An antipasto salad consists of different cured meats, cheese, and vegetables such as:

  • roasted red peppers
  • artichokes
  • fresh mozzarella
  • tomatoes
  • lettuce
  • variety of olives

Basically, you pair the cured meat and cheese selections with the fresh vegetables and arrange them on top of the bed of lettuce or arugula.  I tend to enjoy the lettuce more, and the flavors that are traditionally brought together in an antipasto are strong on their own, and a stronger green is not needed. It’s almost like a charcuterie on lettuce – but not quite.

What is the difference between antipasto and antipasta?

They both refer to the same salad, however antipasto is the plural form of the word.  Traditionally, and antipasto salad is consumed prior to the pasta course during an Italian meal.

How to make an antipasto platter:

When I make an antipasto salad or platter I have a system that I use to make sure the platter is beautiful when it’s place on the table.  
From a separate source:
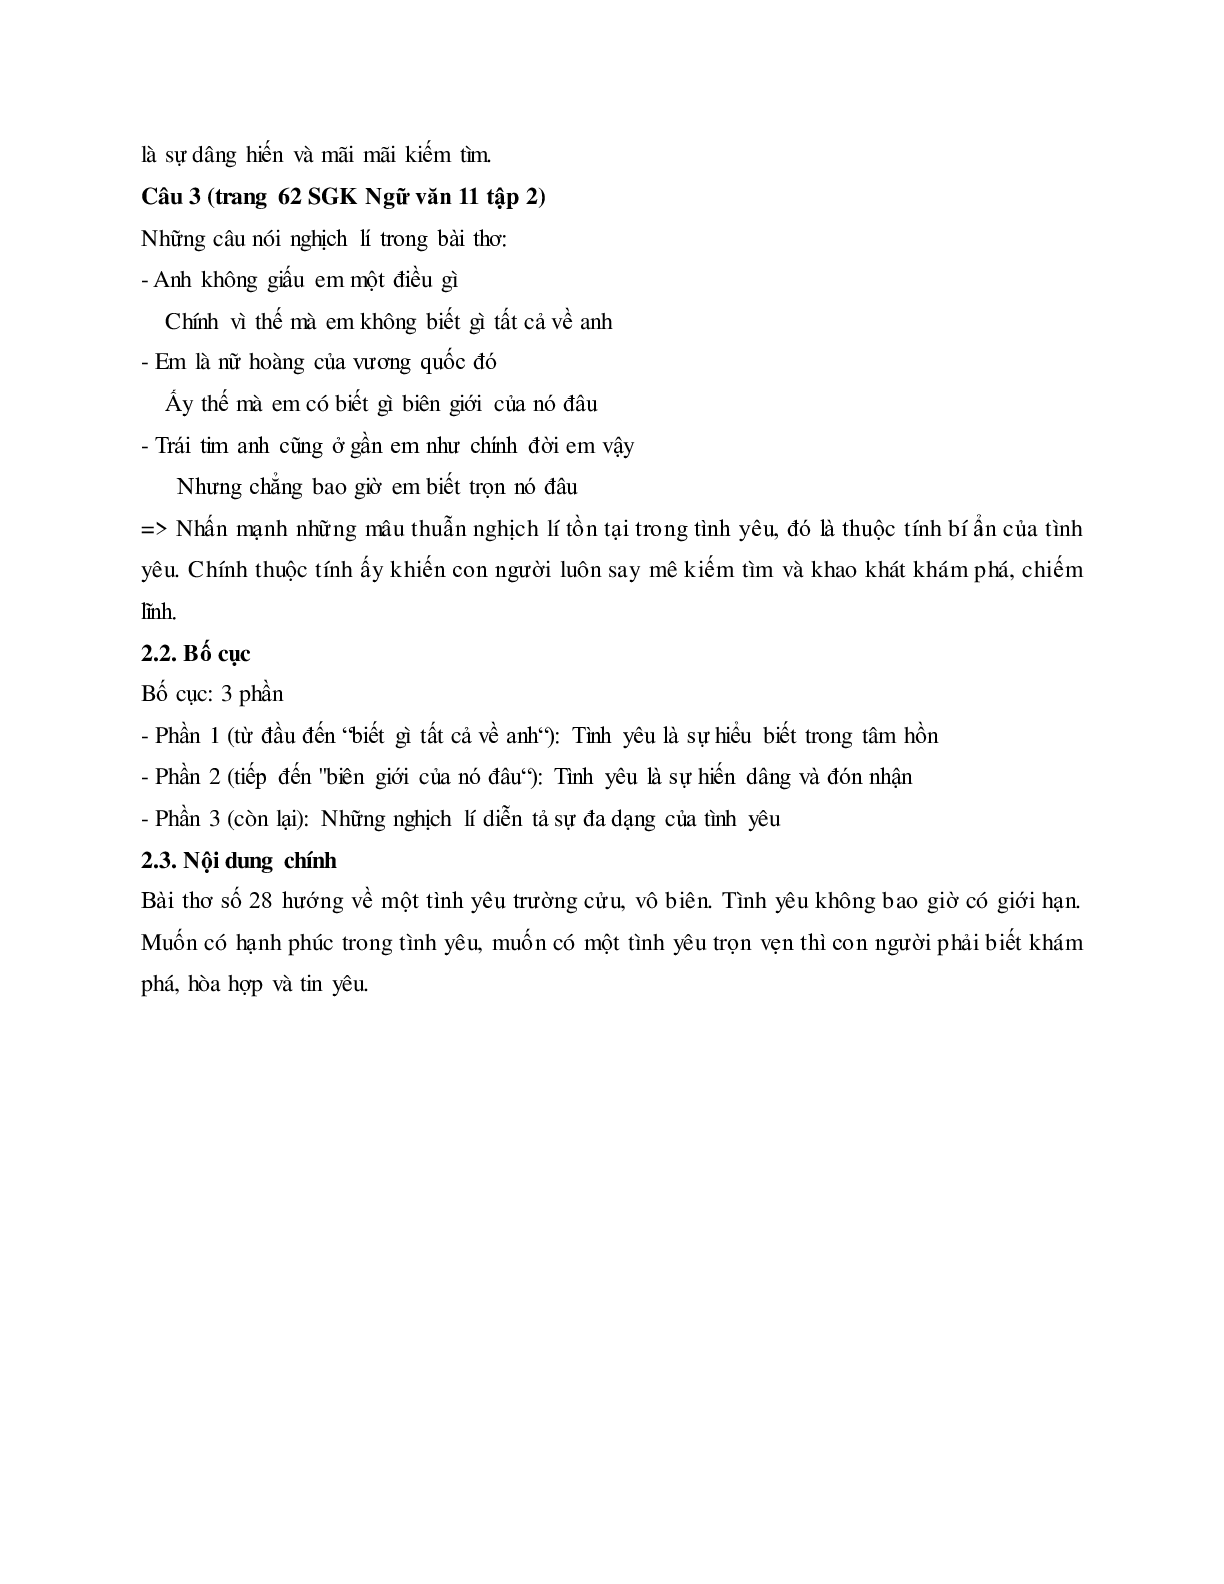 Soạn bài Bài thơ số 28 - ngắn nhất Soạn văn 11 (trang 6)
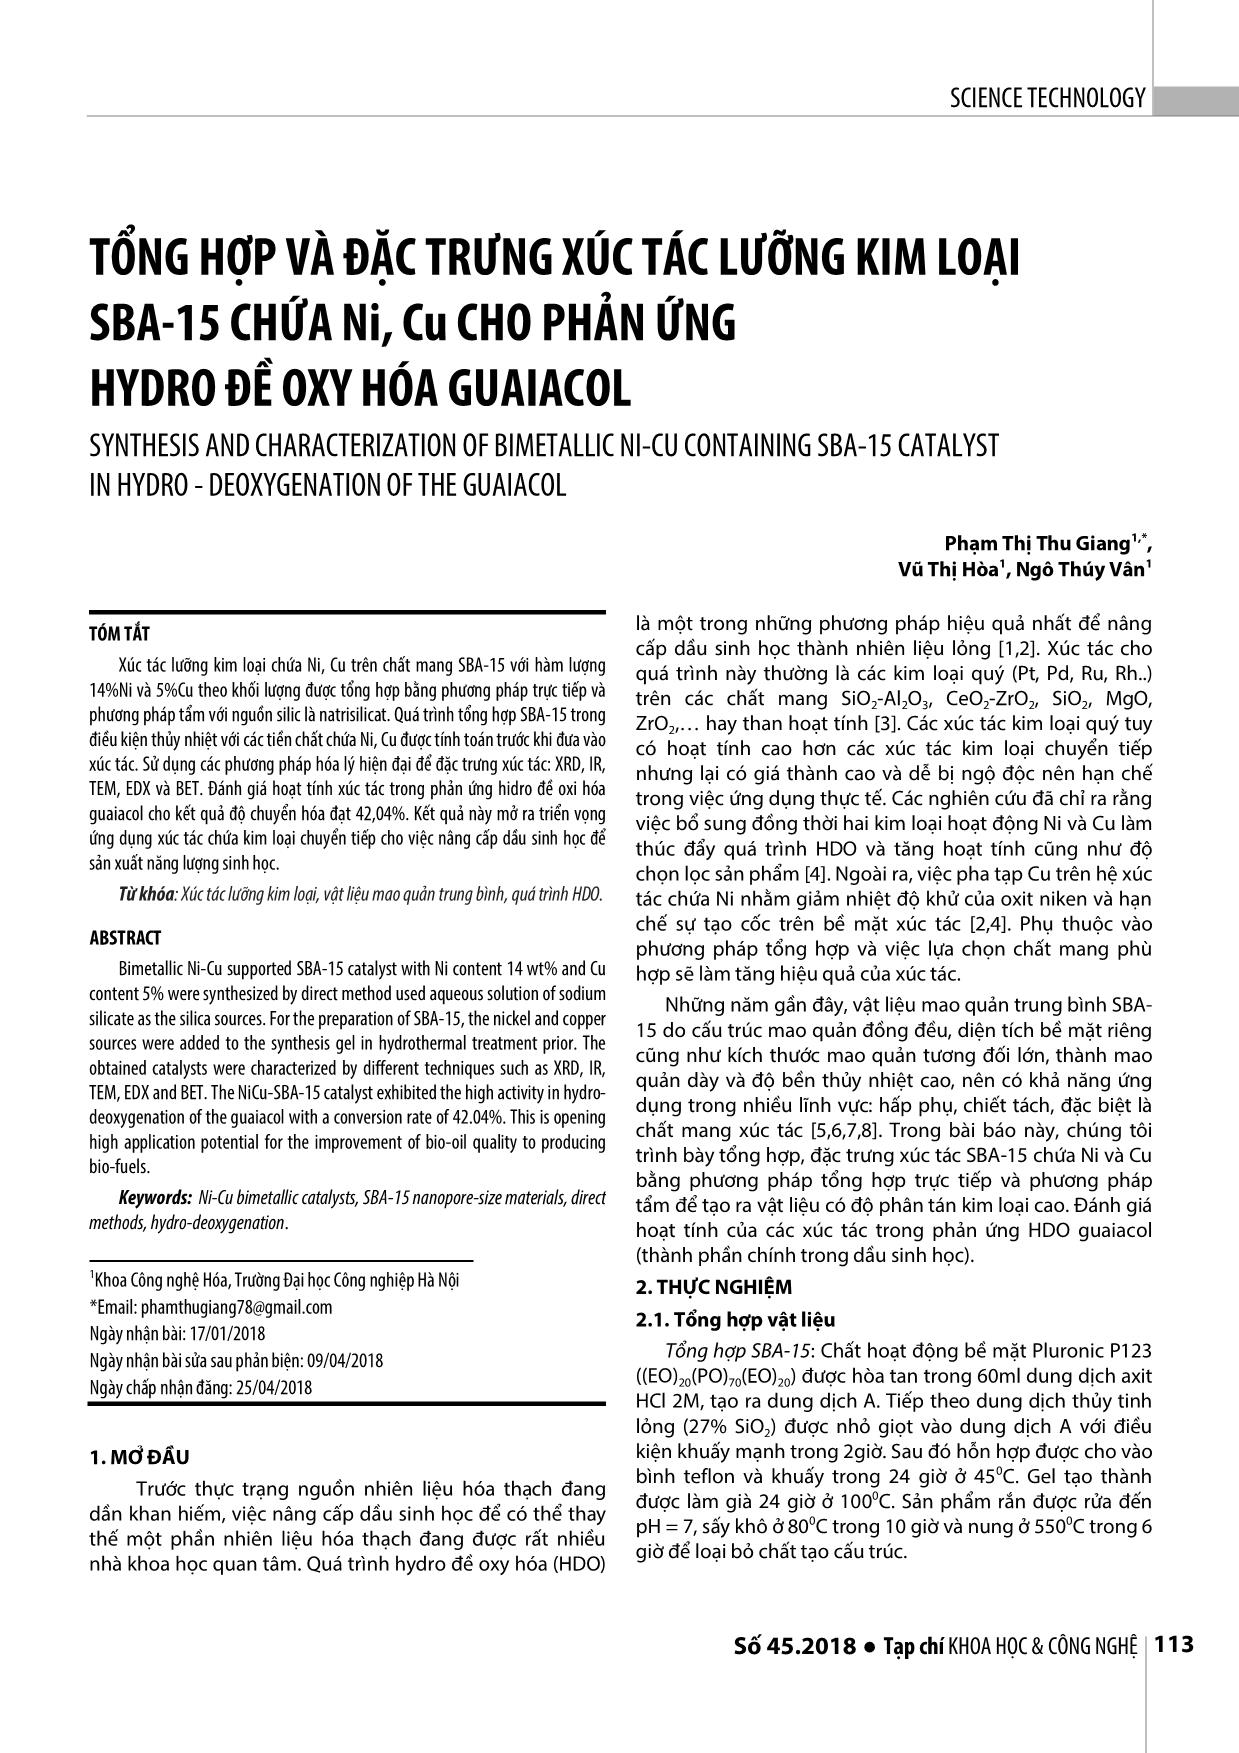 Tổng hợp và đặc trưng xúc tác lưỡng kim loại SBA-15 chứa Ni, Cu cho phản ứng hydro đề oxy hóa guaiacol trang 1

  1. Start with the lettuce.  Place either torn or wedged lettuce on the bottom of your platter.
  2. In sections, add your cured meats, cheese, and pickled or marinated veggies.  When I make an antipasto I lay it out in triangles – so the lettuce on the bottom and the different elements in triangle shapes – kind of like a pizza pie! You can cut up your ingredients, or roll them like I do.  I enjoy it either way!
  3. Top with your favorite Italian dressing!

What is served with an antipasto salad?

Typically an antipasto is served prior to or alongside an Italian dish, however; it can also be served alone as a dinner salad.  Below are some suggestions for what to serve with an antipasto platter:

Make ahead antipasto platter:

Antipasto shouldn’t be made too far in advance.  You can, however; put it together about an hour prior to dinner or when guests will arrive.  Arranging it sooner may cause the lettuce to wilt or get soggy, which isn’t something you want.  

Antipasto recipe:

  • 1/4 pound each of prosciutto, genoa salami, soppressata, and a regular non-sweetened ham
  • 1/4 pound fresh mozzarella
  • 1 pint halved cherry tomatoes (preferably in different colors)
  • handful of fresh basil
  • 1 head of iceberg lettuce
  • 1/2 cup olives
  • 1/2 cup roasted red peppers

Inexpensive antipasto add-ons:

  • Artichokes
  • Stuffed mini peppers (found in the condiment/olive section of your local grocery store)
  • Marinated mozzarella balls
  • Kalamata olives
  • Marinated mushrooms
  • Marinated red peppers
  • Cubed, toasted focaccia bread
  • Anchovies

Get creative with your antipasto! It’s a beautiful dish to share family style, and the perfect course to serve before or with your main meal!